Sophisticated numerical methods have been developed over the past decades which enable simulation of cardiovascular haemodynamics in complex geometries. The aims of such research are:
- an improved analysis leading to an in-depth understanding of the human circulation,
- the ability to analyse what-if scenarios, for example those involving surgical planning,
- the ability to design medical devices, and
- the ability to perform accurate/alternate diagnosis, for example patient assessment in conditions which are not easy to replicate in clinical settings.
A geometric multi-scale modelling is usually adopted to analyse patient-specific haemodynamics where the area of interest is represeted by a full 3D model while the rest of the circulation is represented by parameterised reduced-order (usually 0D) models.

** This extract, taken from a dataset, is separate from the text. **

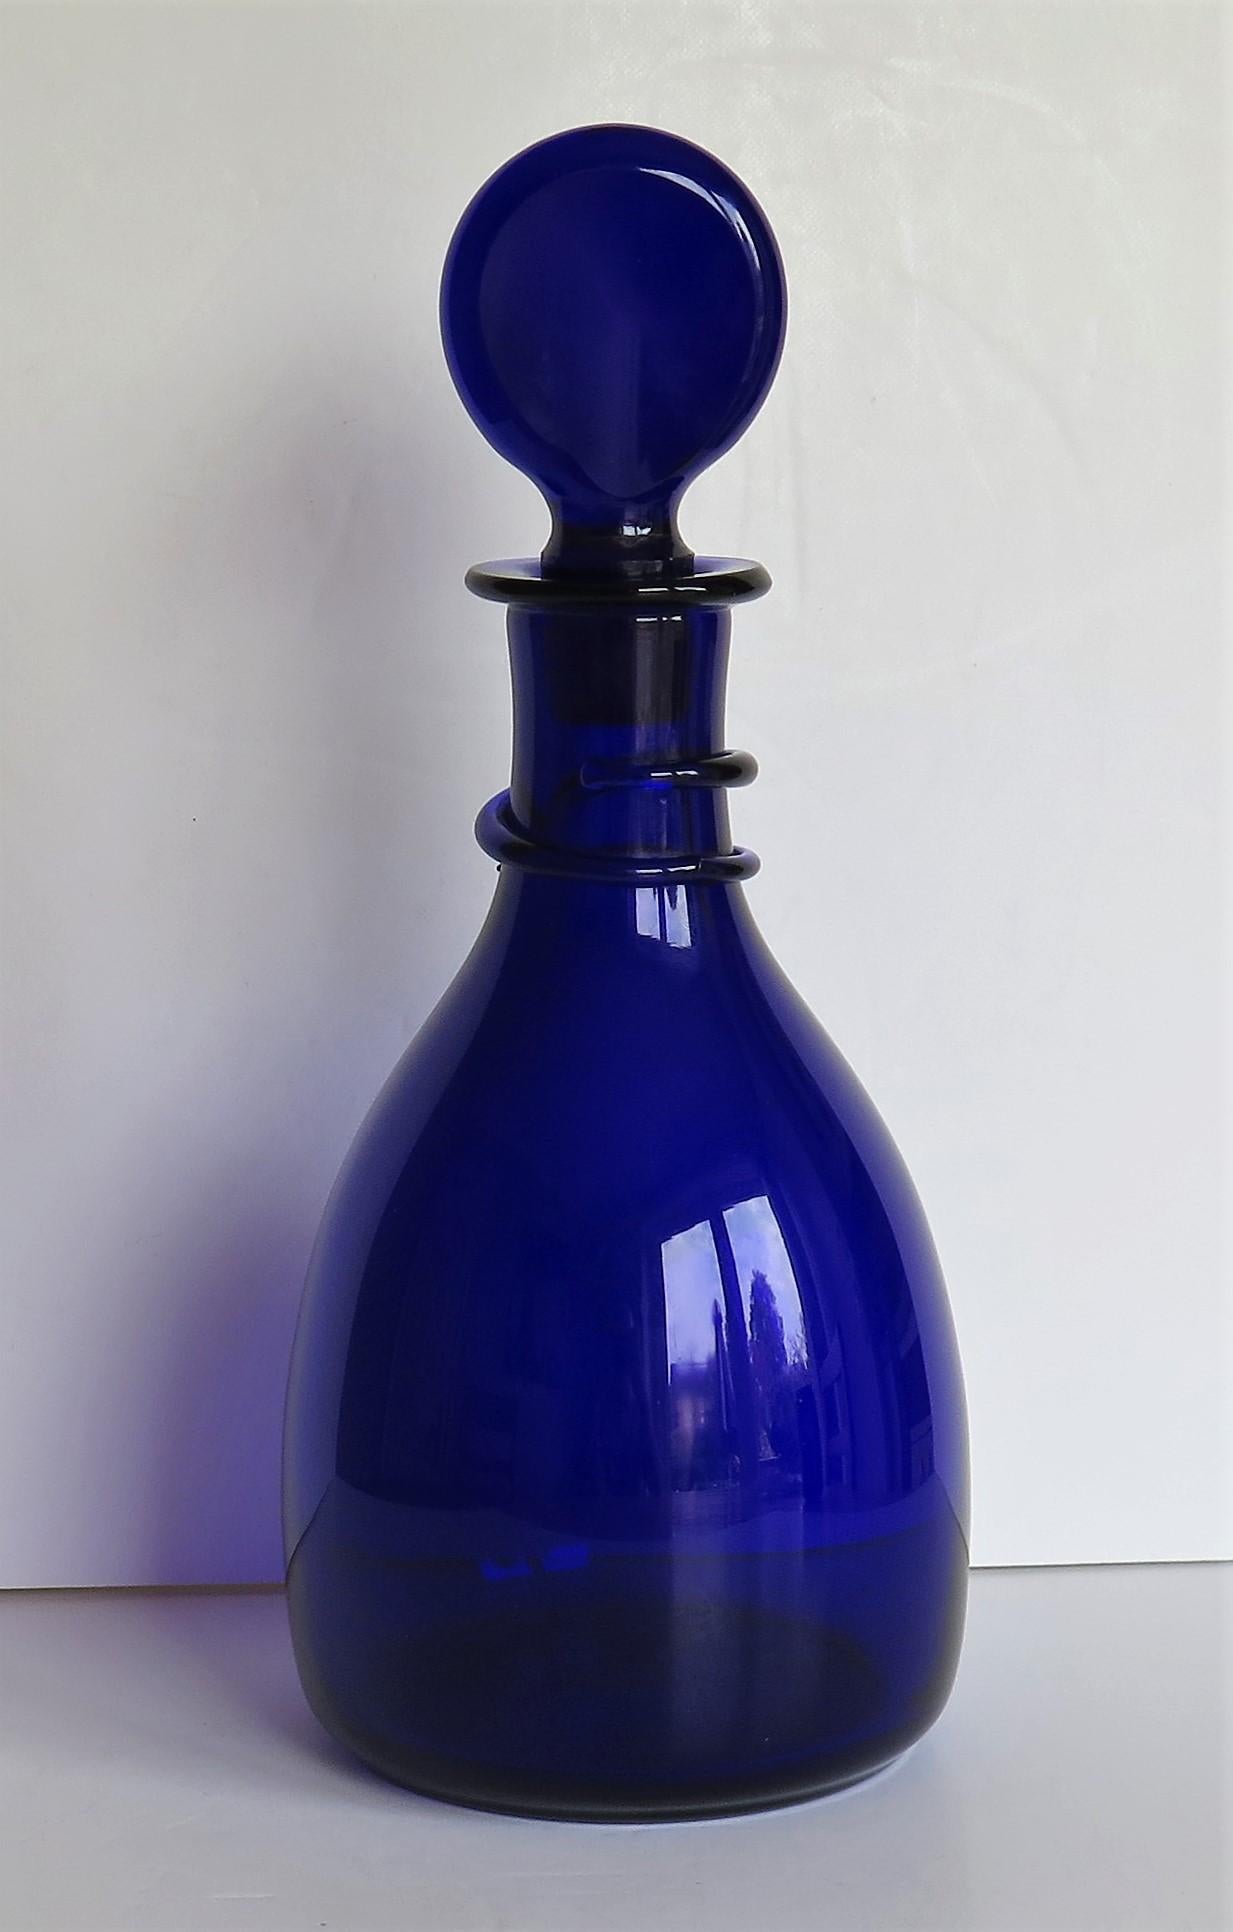 This is a very good hand blown bristol blue glass decanter having an unusual snake trailed neck ring and complete with its original lozenge stopper, made of heavy blue lead glass, circa 1790. There is a rough pontil mark to the base from the hand

Given the significant inter-patient variability found in the human population it is imperative that such models be adapted individually for each patient. This adaptation has two aspects: first, that an accurate geometry, via medical imaging, be constructed for the area of interest, for example a diseased artery segment; and second, that the boundary conditions, represented by the reduced-order models, be personalised to the patient. The research in this area focusses on the latter aspect. In particular, methodologies to efficiently estimate the model parameters from individual clinical measurements, such as those of blood-pressure and flow-rates, are developed. Furthermore, the issue of identifiability, i.e. whether or not the parameters can be identified from a particular set of measurements, is addressed.
Case study: STACOM 2013 CFD challenge
The Challenge
Parameter estimation models
Parmaeter estimation is performend on a reduced order (0D) representation.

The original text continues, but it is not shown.